In 2021, we led 'Sustainable Growth of Afghan Women' project where we educated over 50 Afghan women in Kazakhstan and Uzbekistan. Afghan women were able to deepen their knowledge of business and entrepreneurship, business incubation and acceleration, UN Sustainable Development Goal 5 (GEWE), research and self-development.

Prior to these experiences, I worked with the American Councils for International Education (ACCELS/ACTR) in Kyrgyzstan, Open Society Foundations, World Food Program and International Alert.

What does global development mean to you?

International development has a wide range of meanings. In my understanding, when people of different backgrounds and experiences employ unconventional approaches to improve the quality of education in fragile countries, or enhancing and enlarging the quantity and accessibility of public toilets, or enhancing the quality of life in a certain area through different interventions.
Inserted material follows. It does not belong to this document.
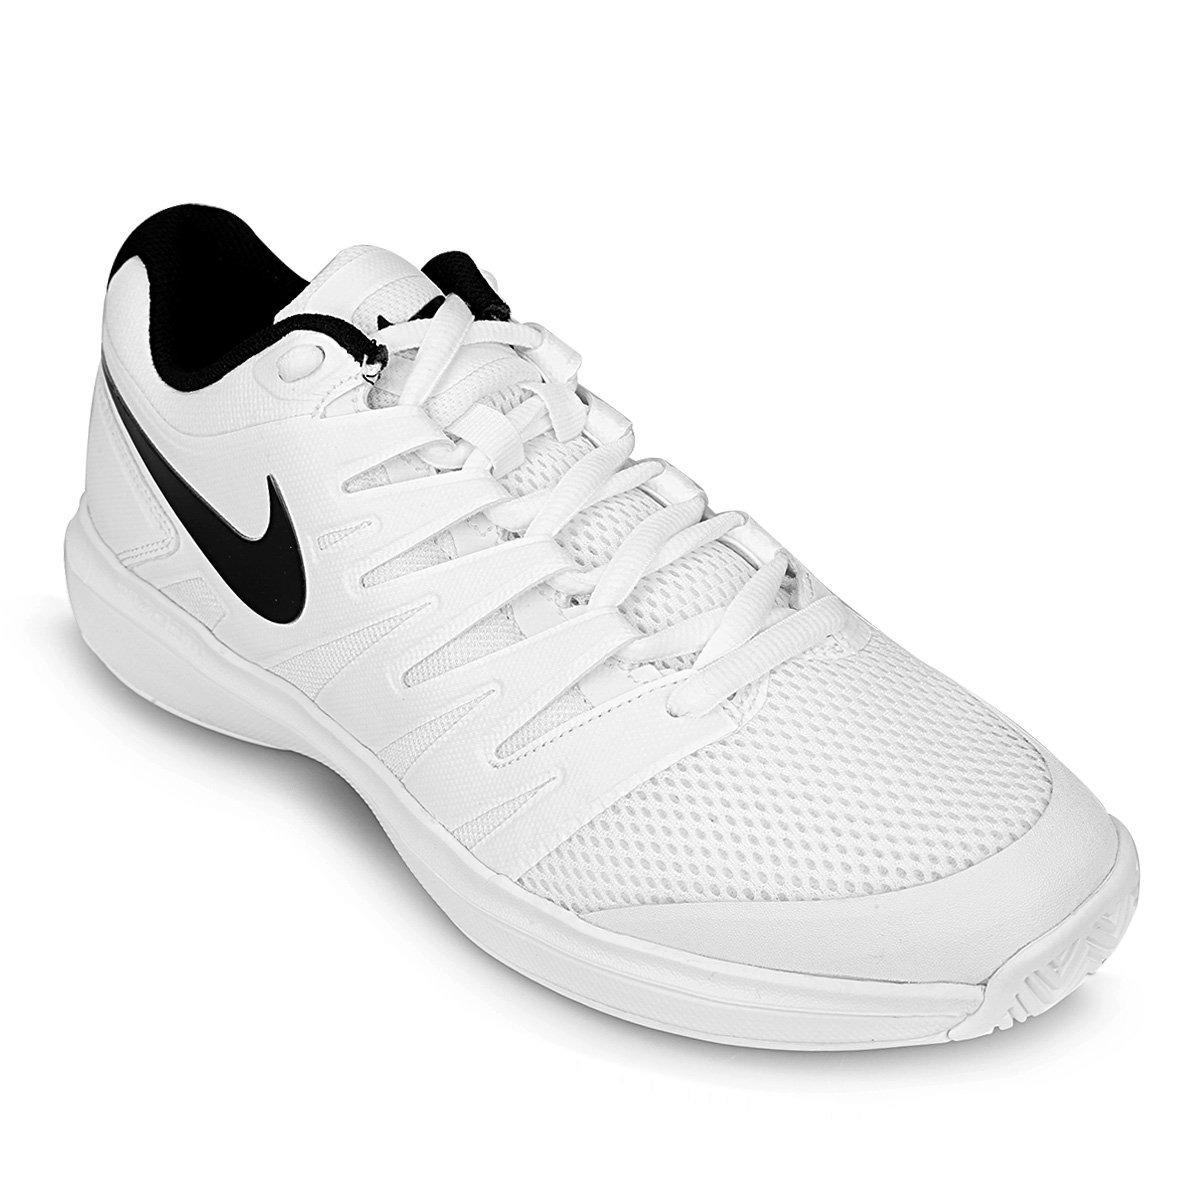 afade86ec8b zapatillas nike air zoom prestige - hombre - blancas tenis. Cargando zoom.
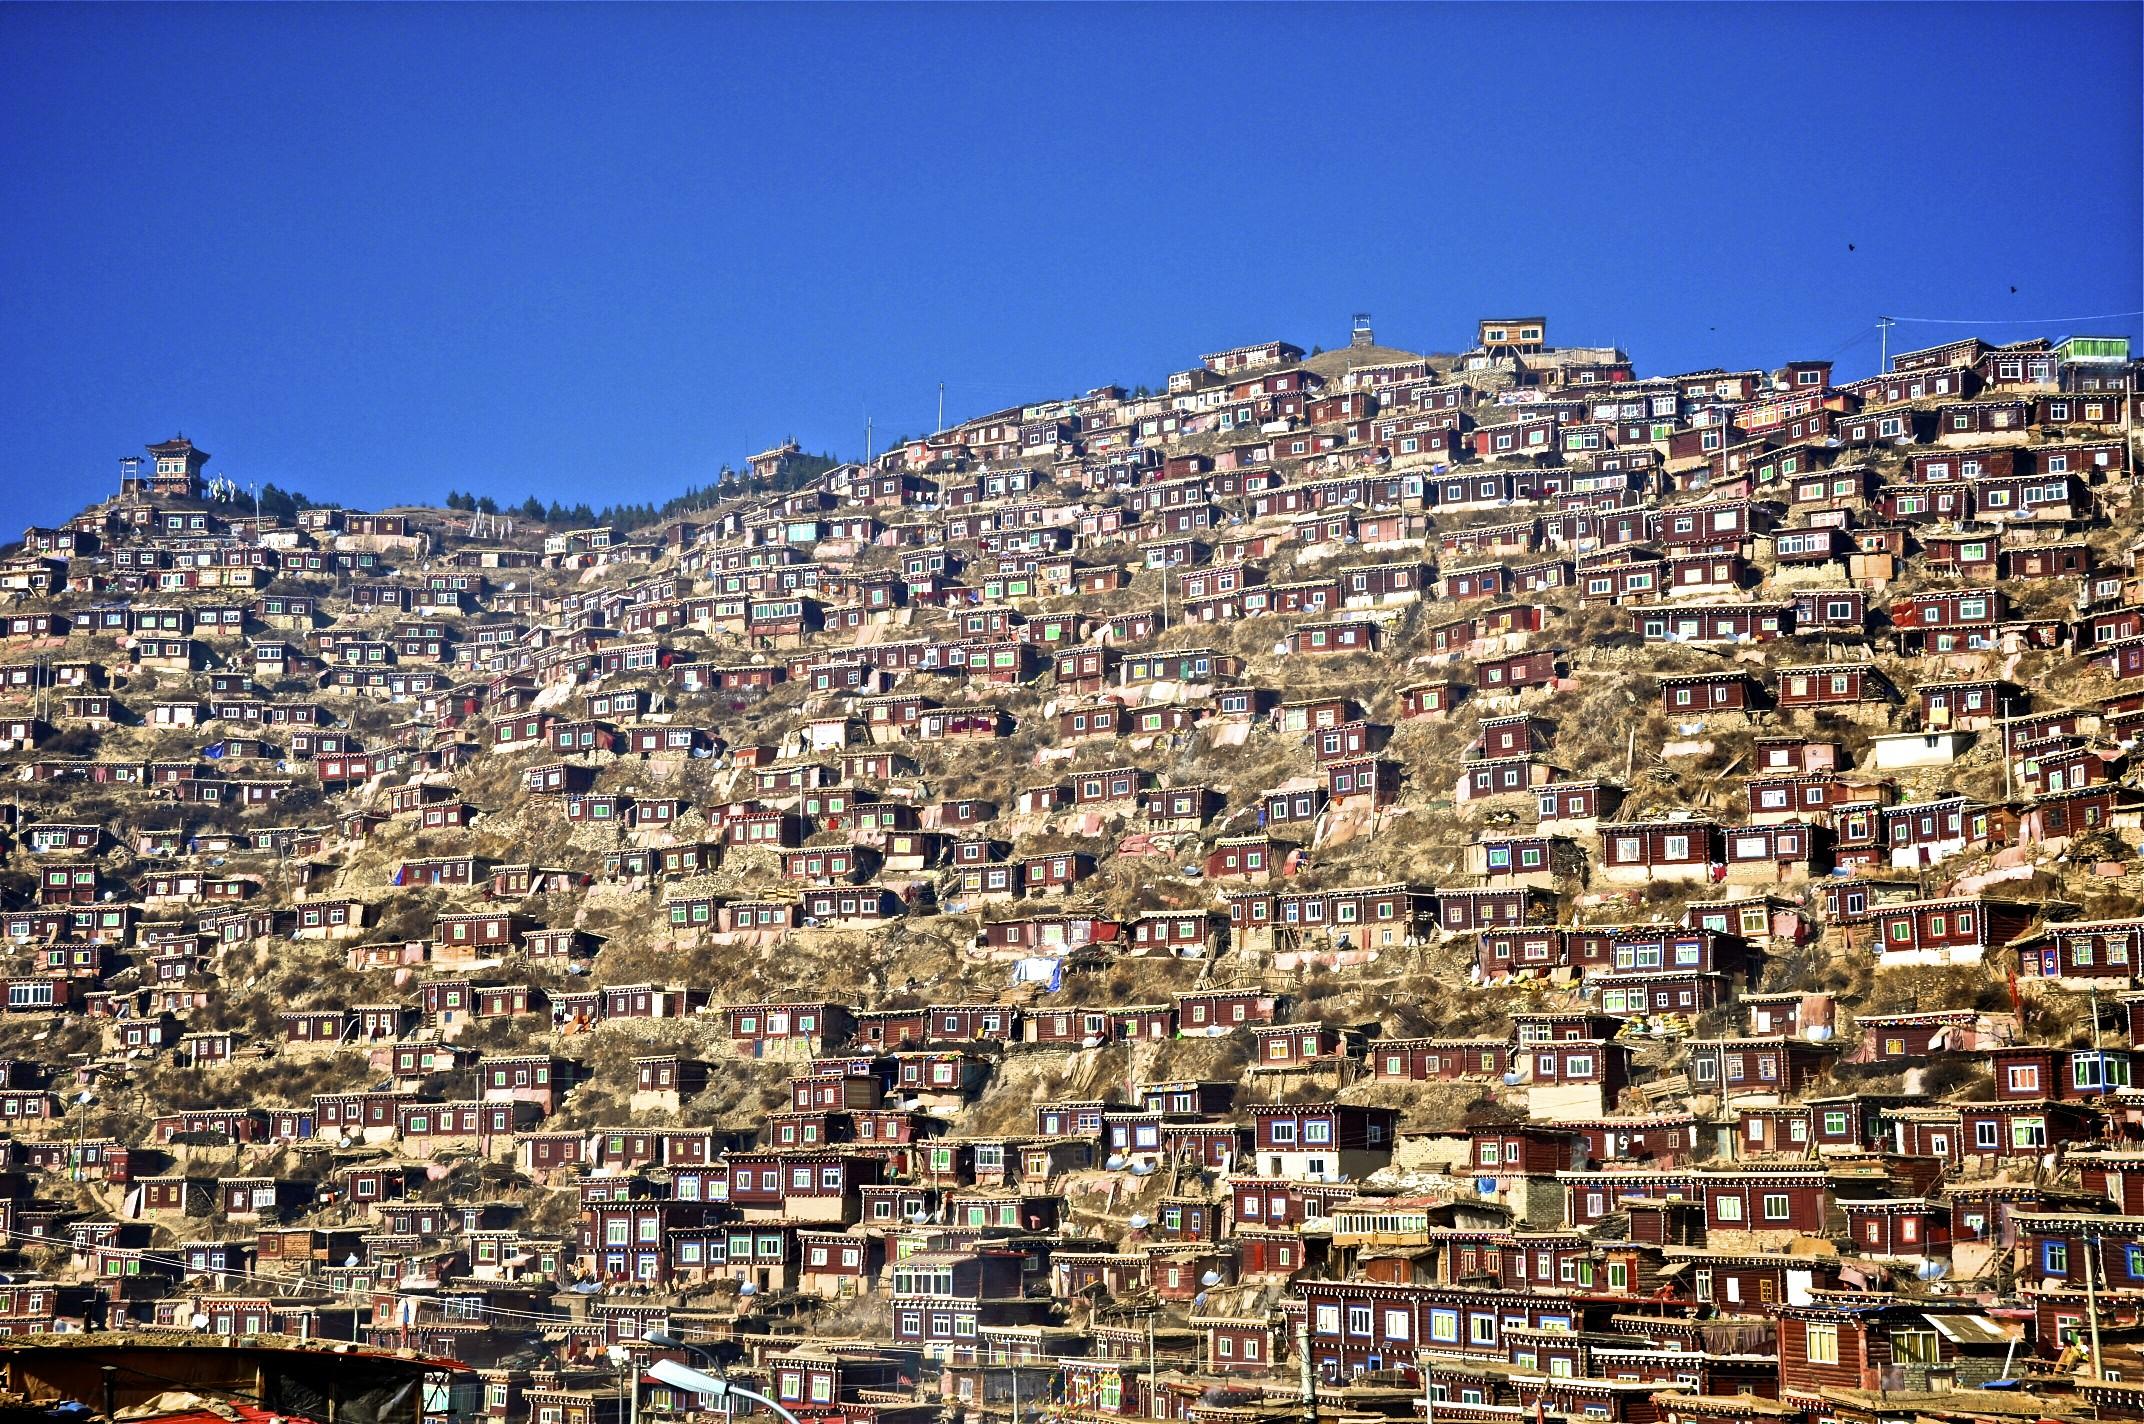 L'Istitituto buddista di Larung Gar, un caso internazionale sconosciuto

As someone who worked in the field of entrepreneurship, I would confidently say that both entrepreneurial and intrapreneurial attitudes can help a Global Development professional pursue his/her career aspirations. Through the projects I implemented in Central Asia, I emphasize the impact that can initiative bring to the community.

What has been the most memorable or impactful experience of your career so far?

Babson College published my chapter on Youth Entrepreneurship in Boston and London in 2021.

How do you envision your MPS degree contributing to your career?

In the Global Development MPS program I will be focusing on social enterprise and I would like to study how enterprises can contribute to the solution of societal, regional and/or environmental problems. I expect that this degree will enable me to use different tools and research-based expertise in driving positive impacts in my region.

Do you have any aspirations for what you’d like to focus on in your MPS problem-solving project?

In my capstone project, I would like to focus on start-ups that can add up environmental protection. By saying that, I would like to develop a start-up that can lead to the solution of environmental problem that my region confronts with (e.g. recycling).

Tell us a fun fact about you.

I love Shuffle and Cutting Shapes.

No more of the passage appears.